Planetary scientists from Brown University have proposed a new scenario for the formation of ancient clay minerals on Mars that, if shown to be true, could rewrite the early history of the red planet.
published in the journal Nature, suggests that the clays may have formed during the creation of the Martian crust itself, long before any water flowed on the planet.
Backed by lab experiments and computer models, the researchers lay out how the scenario would have worked. In the very early solar system, Mars and other rocky planets are thought to have been covered by oceans of molten magma. As the Mars magma ocean began to cool and solidify, water and other dissolved volatiles would be outgassed to the surface, forming a thick, steamy atmosphere surrounding the planet. The moisture and heat from that high-pressure steam bath would have converted vast swaths of the newly solidified surface to clay. As the planet then evolved over billions of years, volcanic activity and asteroid bombardments would have covered the clays in some places and excavated them in others, leading to the widespread but patchy distribution seen on the surface today.
"The basic recipe for making clay is you take rock and you add heat and water," said Kevin Cannon, a postdoctoral researcher at the University of Central Florida who led the research while completing his Ph.D. at Brown. "This primordial atmosphere created by a magma ocean would have been the hottest and wettest Mars ever was. It's a situation where you could pervasively alter the crust and then just shuffle those materials around afterward."
An electron microscope image shows how extensively the basalts were turned to clay by high-pressure steam. The fuzzy-looking areas are the altered minerals [Credit: Kevin Cannon] |
"One of the complications that comes up in Mars evolution is that we can't create a scenario where surface weathering had the capacity to produce the extent of mineral alteration that we see," said Jack Mustard, a professor in Brown's Department of Earth, Environmental and Planetary Sciences and study co-author. "We're certainly not trying to discount other alteration mechanisms entirely.
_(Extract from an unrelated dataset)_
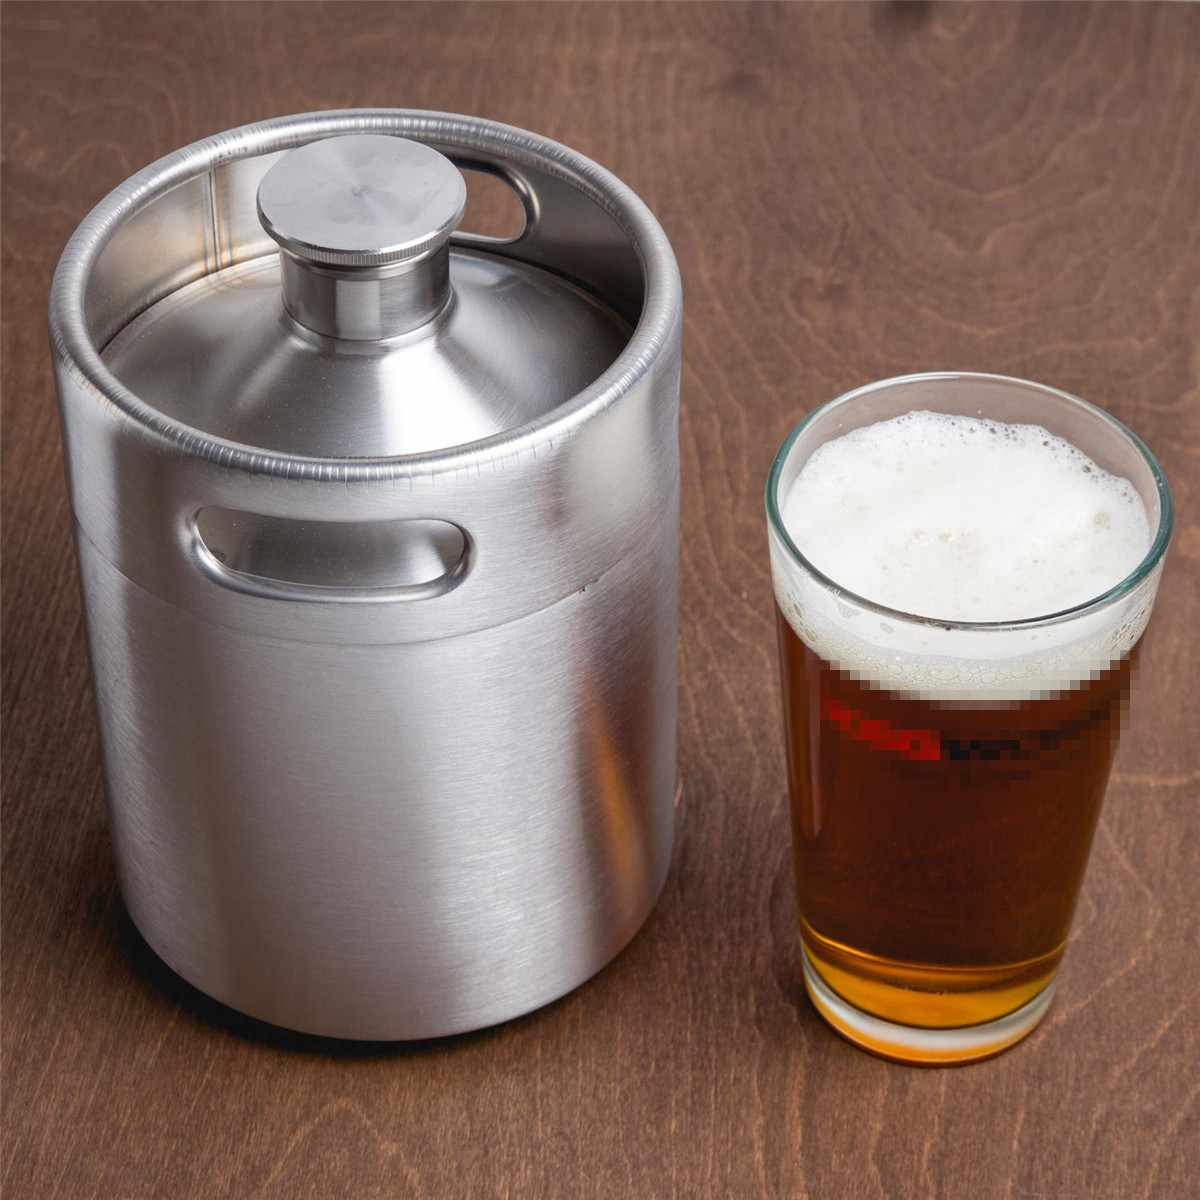 2L 304 in Acciaio Inox Mini Barilotto di Birra Growler Pressurizzato Bottiglia di Birra Birra a Casa Vino di Frutta Strumento di Creazione di Attrezzature Birra a Casa pub

Surface weathering and other types of alteration surely occurred at different points in Martian history, but we think this is a plausible way to explain much of the widespread clay we see in the oldest Martian terrains."
To demonstrate that the mechanism they propose is plausible, the researchers synthesized rock samples matching the composition of Martian basalt. They then used a high-pressure device to recreate temperature and pressure conditions the may have been present amid the steam atmosphere created by a magma ocean. After cooking samples for two weeks, the team checked to see if they had been altered and to what extent.
The steam atmosphere associated with a magma ocean could have survived for as long as 10 million years or more, Cannon and his colleagues say. That would have been long enough, they estimate, to create as much as three kilometers of clay on the primordial Martian surface.
To get an idea what the fate of that clay might be as the planet evolved, the researchers created a computer model to simulate a slab of Martian crust with a three-kilometer clay layer on top. Then they simulated the first billion years of Martian geologic history -- the period when volcanic activity and asteroid bombardment were most prevalent. The model showed that the burial, excavation and scattering of clays over time created distribution of exposed deposits similar to what's seen on Mars today.
"To put some numbers on it, clays cover about 3 percent of the oldest crust exposures on Mars," Cannon said. "We're finding about that same order of magnitude in these models."
The lab experiments and simulations can't say for certain that this scenario occurred, the researchers say, but they do suggest a strong hypothesis that could be tested during future Mars exploration.
"One of the things I like about this is that it's truly testable," said Steve Parman, a geology professor at Brown and co-author of the study. "With a returned sample, or maybe even with the analytical equipment on a rover, I'm optimistic that you could distinguish this primordial process from some other alteration process."
If the process did indeed occur, it could have some interesting implications for early Martian history. In addition to providing a mechanism for clay formation even if Mars was as cold and icy as climate models suggest, the scenario suggests that vast deposits of clay were -- and might still be -- present beneath the surface. Those deposits could explain why the Martian crust is less dense than expected for a basaltic crust, the researchers say. The deposits would also serve as large underground storage reservoirs for water.
"There potentially would have been quite a lot of water locked up in these buried clays," Parman said. "You could imagine that if those deposits were heated up by magmatism or some other process they would have released that water, perhaps providing a transient water supply to the surface. That could have implications for past habitability."
Mustard, who chaired the committee that laid out the science goals for NASA's Mars 2020 rover, hopes this new hypothesis could inform future Martian exploration.
"This would be a really interesting hypothesis to test," he said. "Depending on where the rover ultimately lands, I think we could get the right samples to illuminate these questions."